▶ _Data provided_:
***

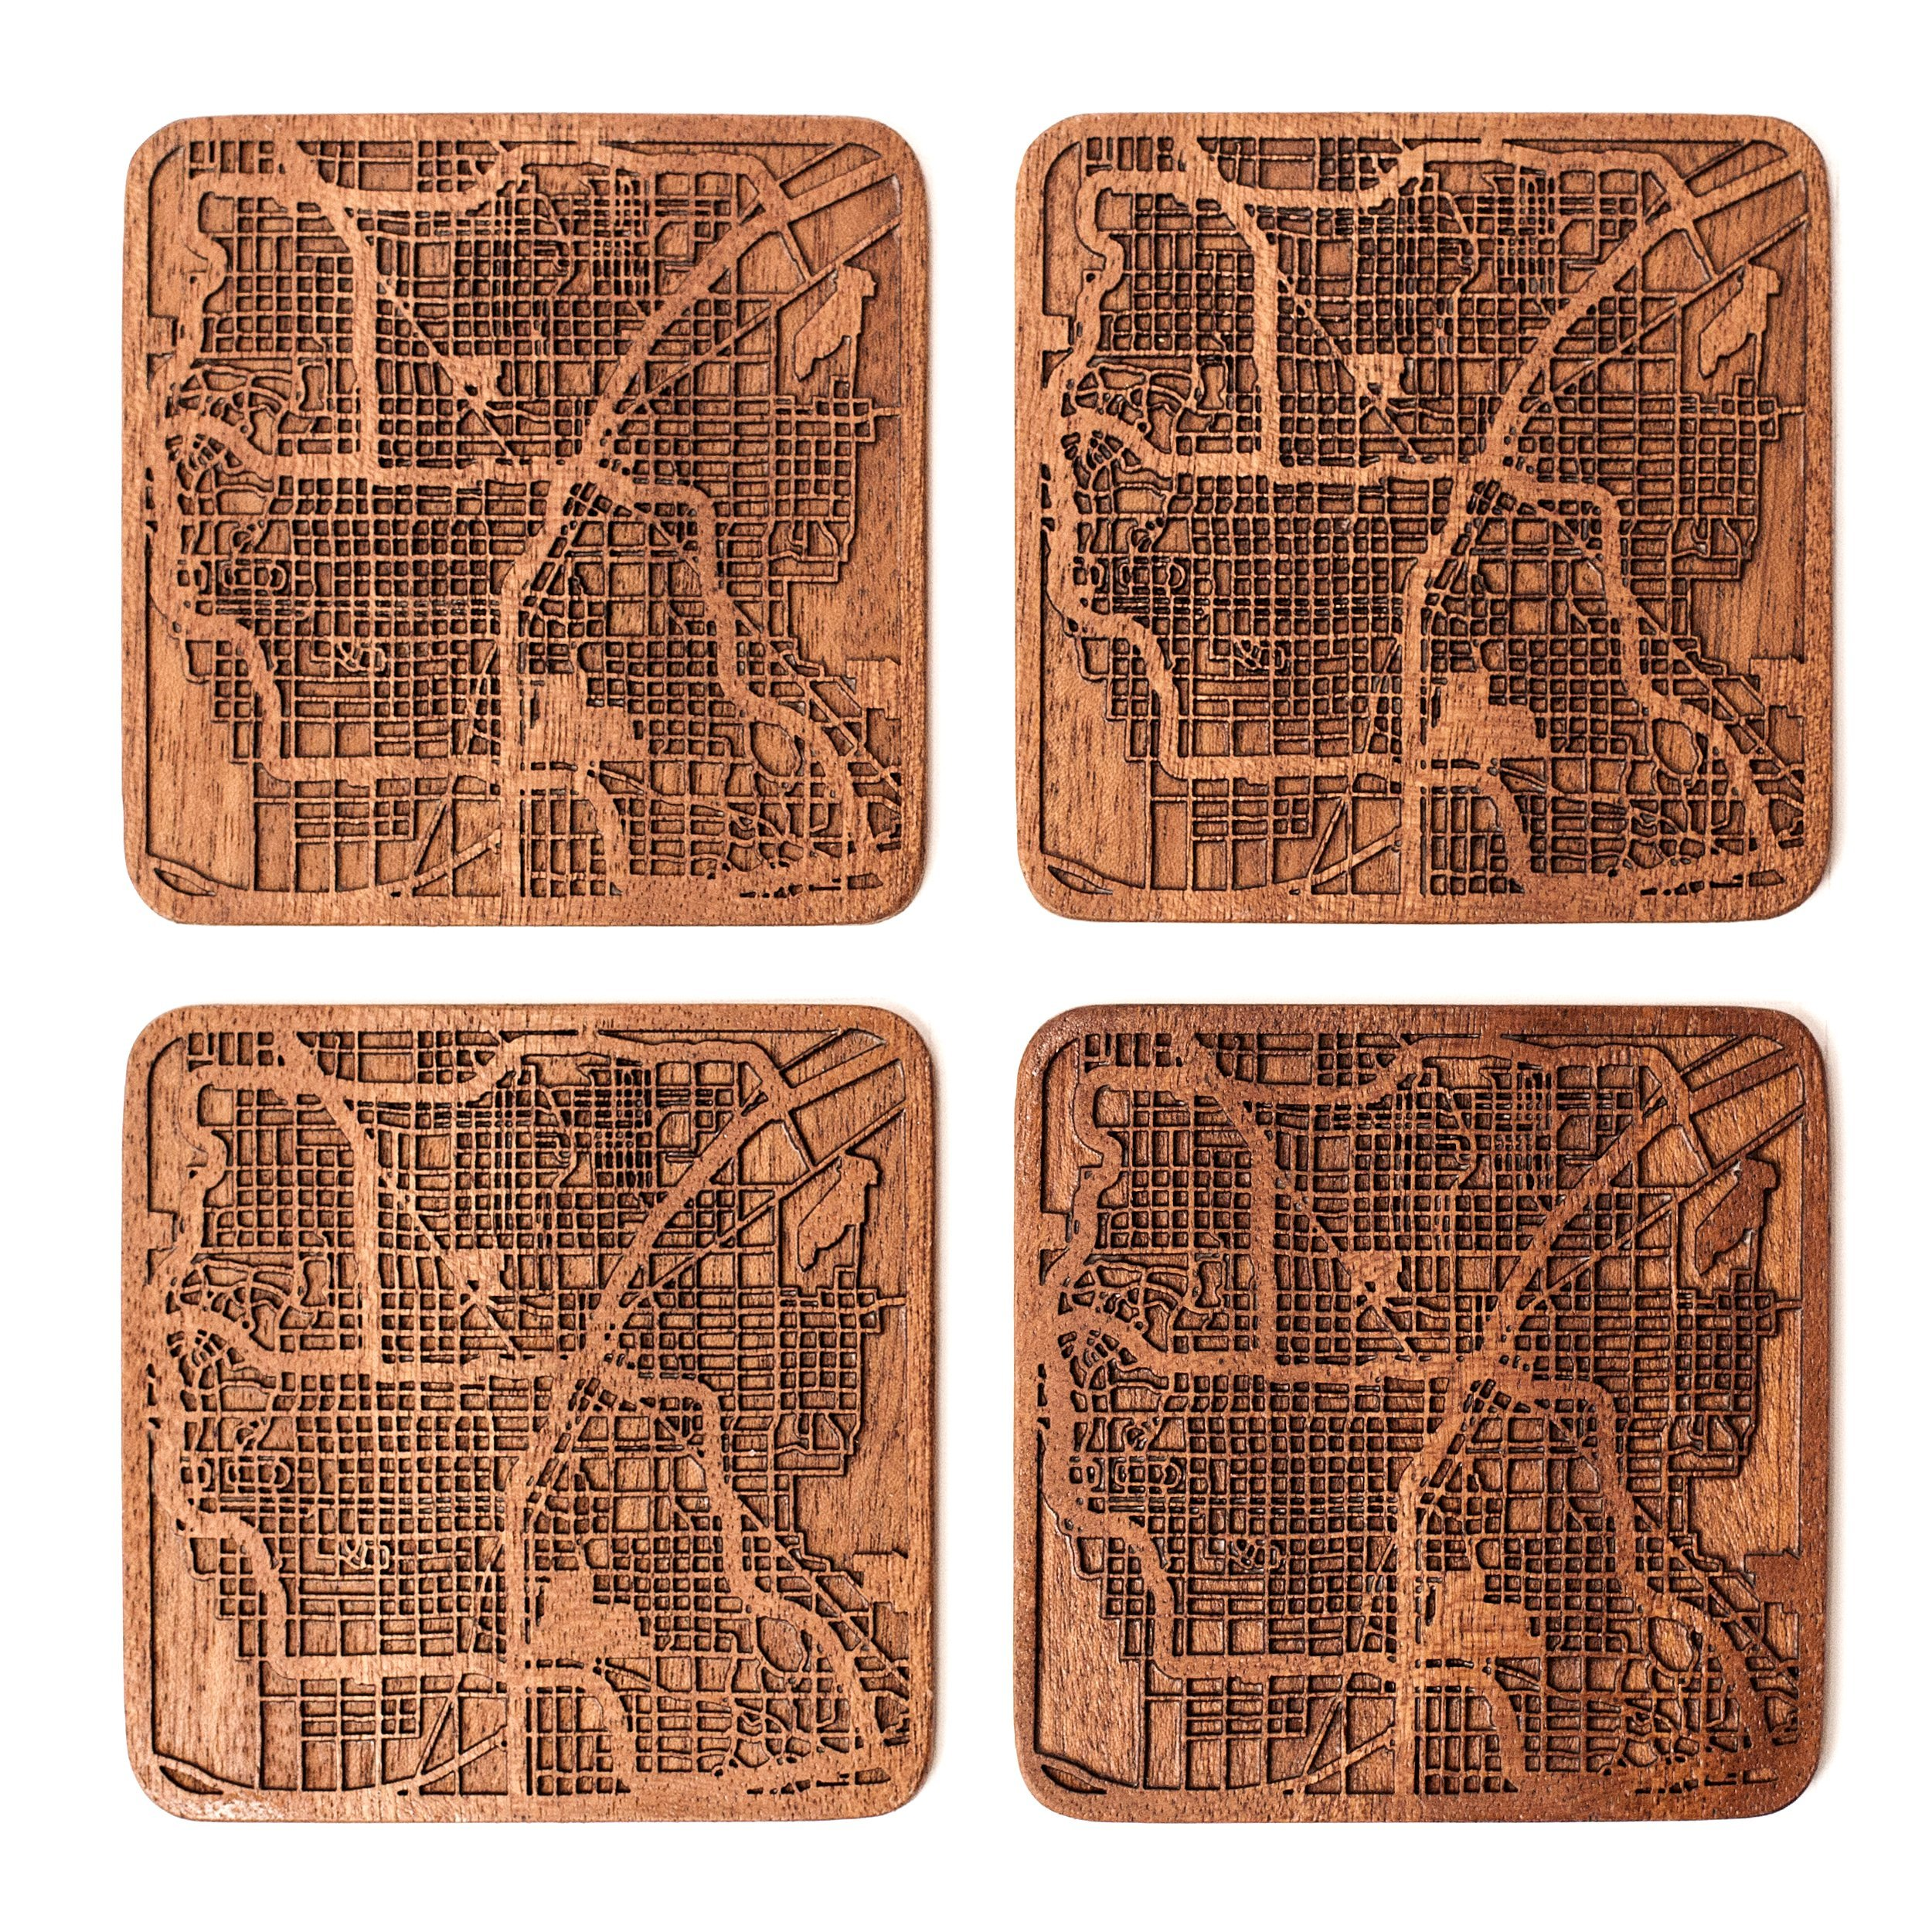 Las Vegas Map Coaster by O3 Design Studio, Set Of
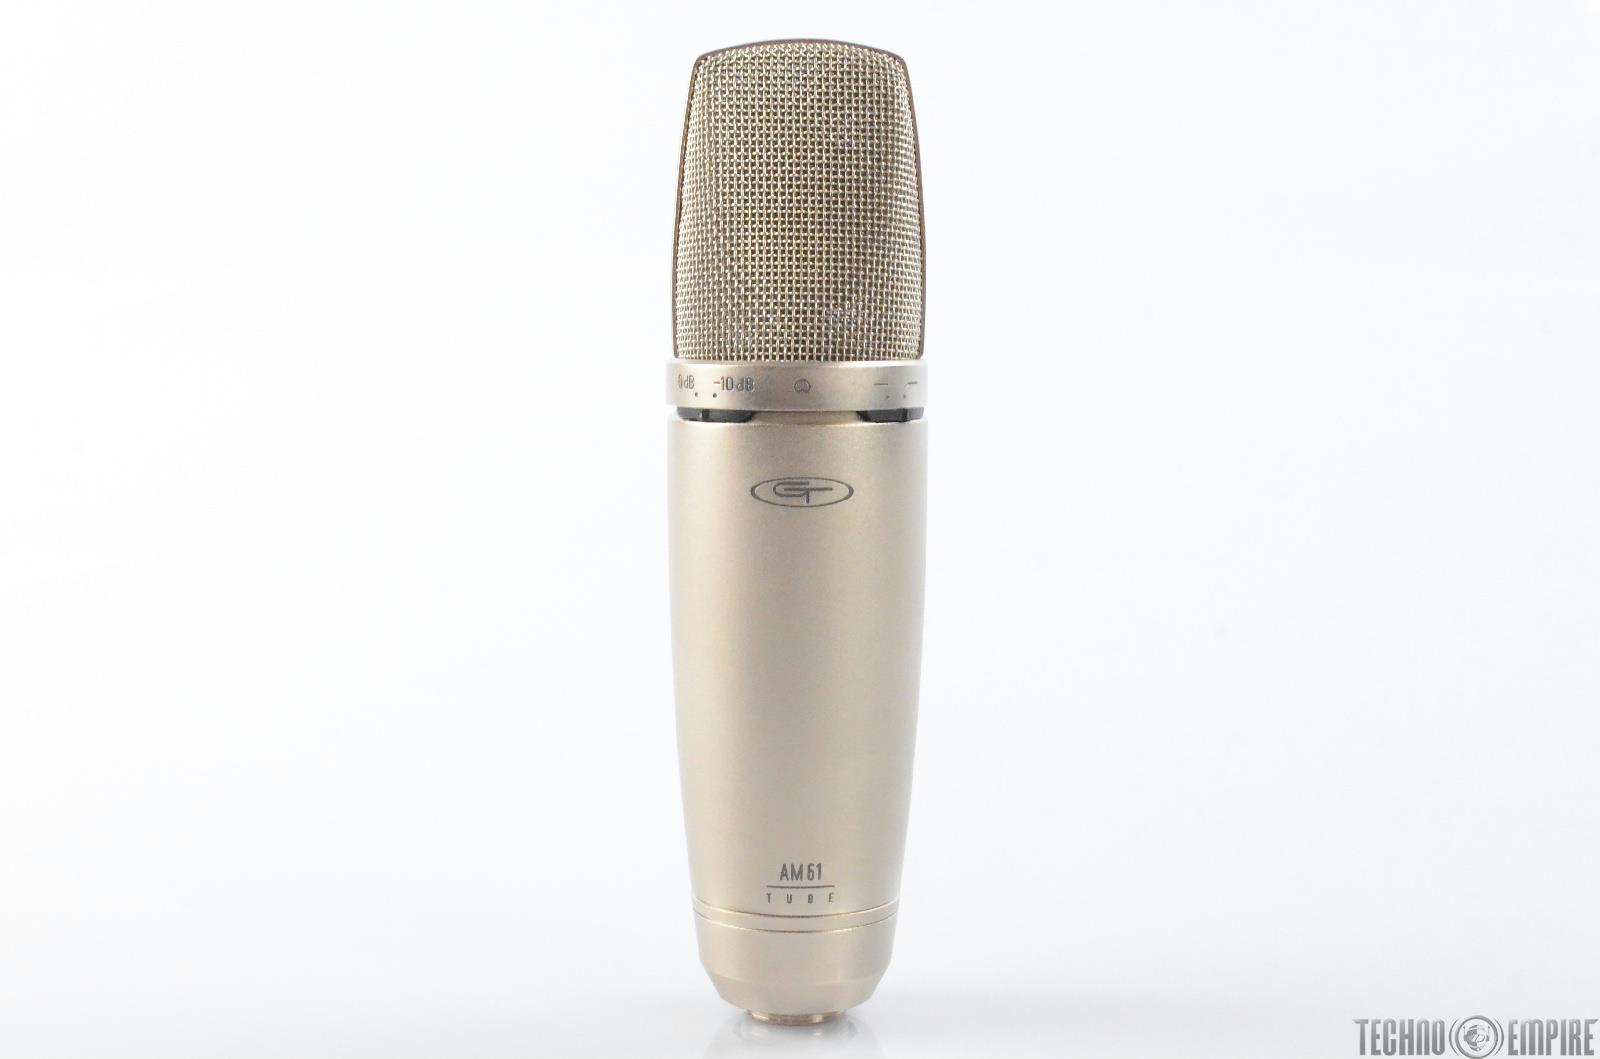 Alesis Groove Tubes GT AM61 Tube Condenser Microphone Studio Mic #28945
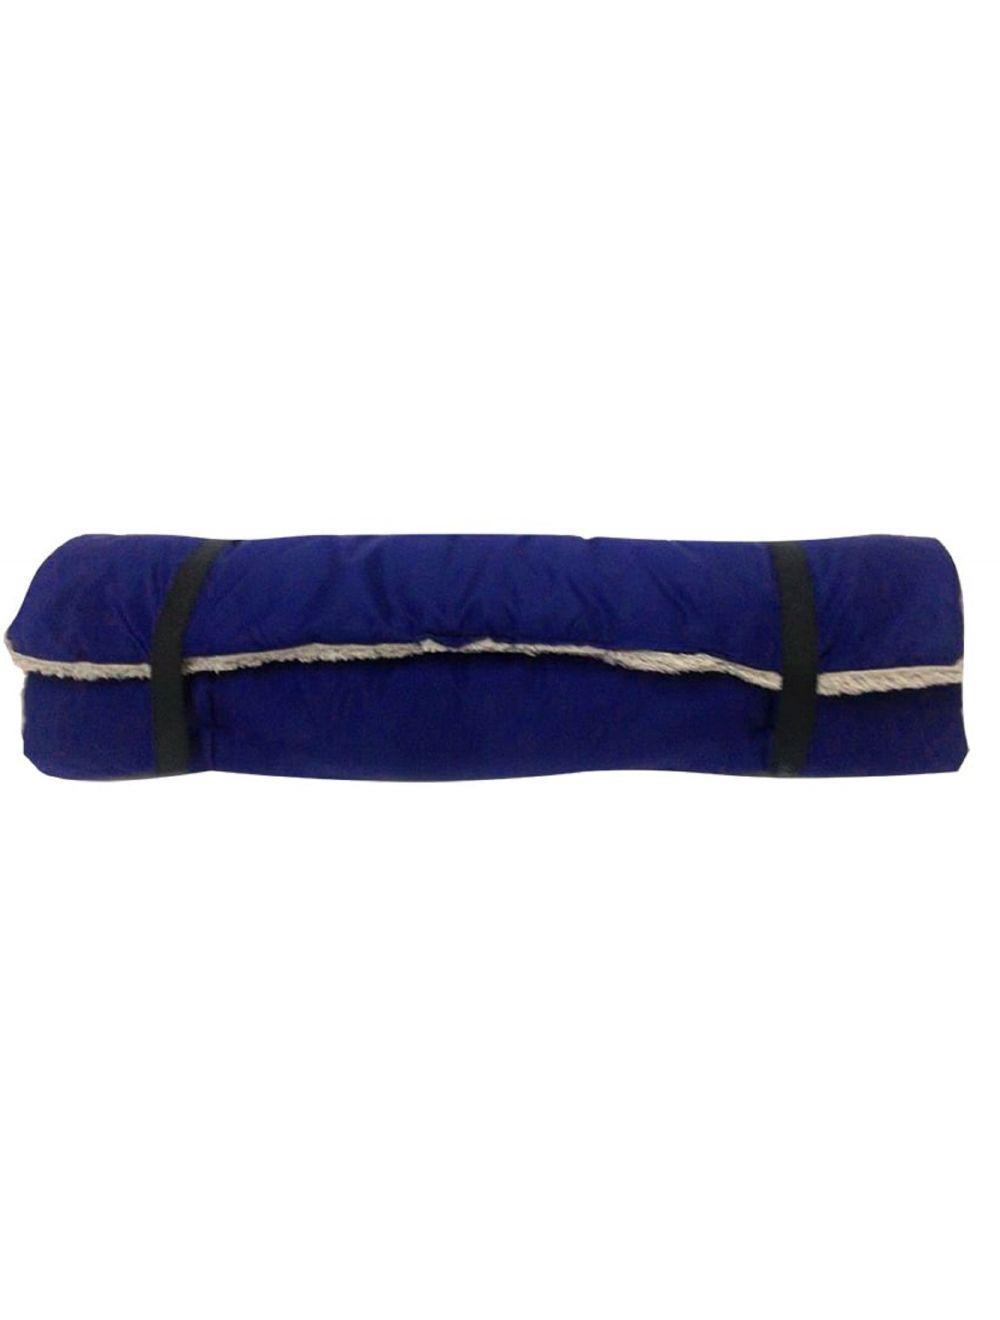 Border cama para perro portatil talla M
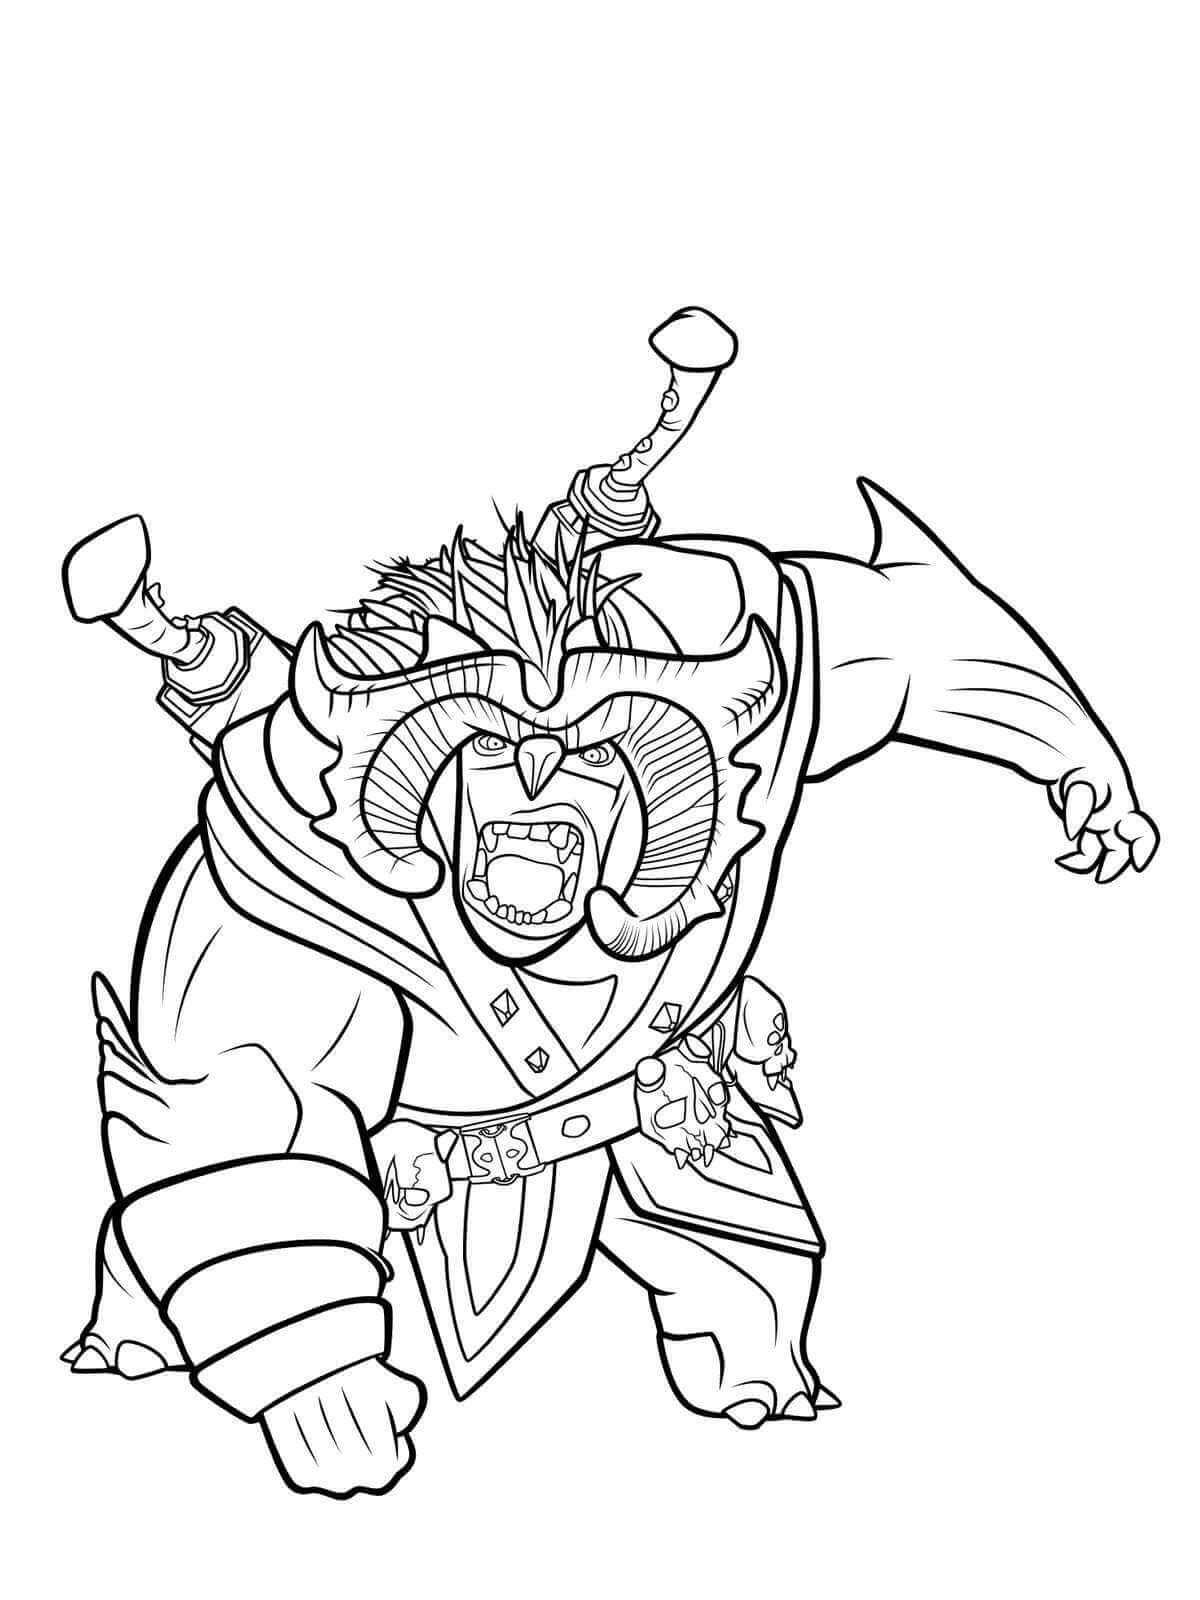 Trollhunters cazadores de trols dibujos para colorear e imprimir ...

***

▶ _Assignment_: Could you copy the data above exactly, leaving the pictures out?

▶ _Answer_:
 Las Vegas Map Coaster by O3 Design Studio, Set Of
 Alesis Groove Tubes GT AM61 Tube Condenser Microphone Studio Mic #28945
 Border cama para perro portatil talla M
 Trollhunters cazadores de trols dibujos para colorear e imprimir ...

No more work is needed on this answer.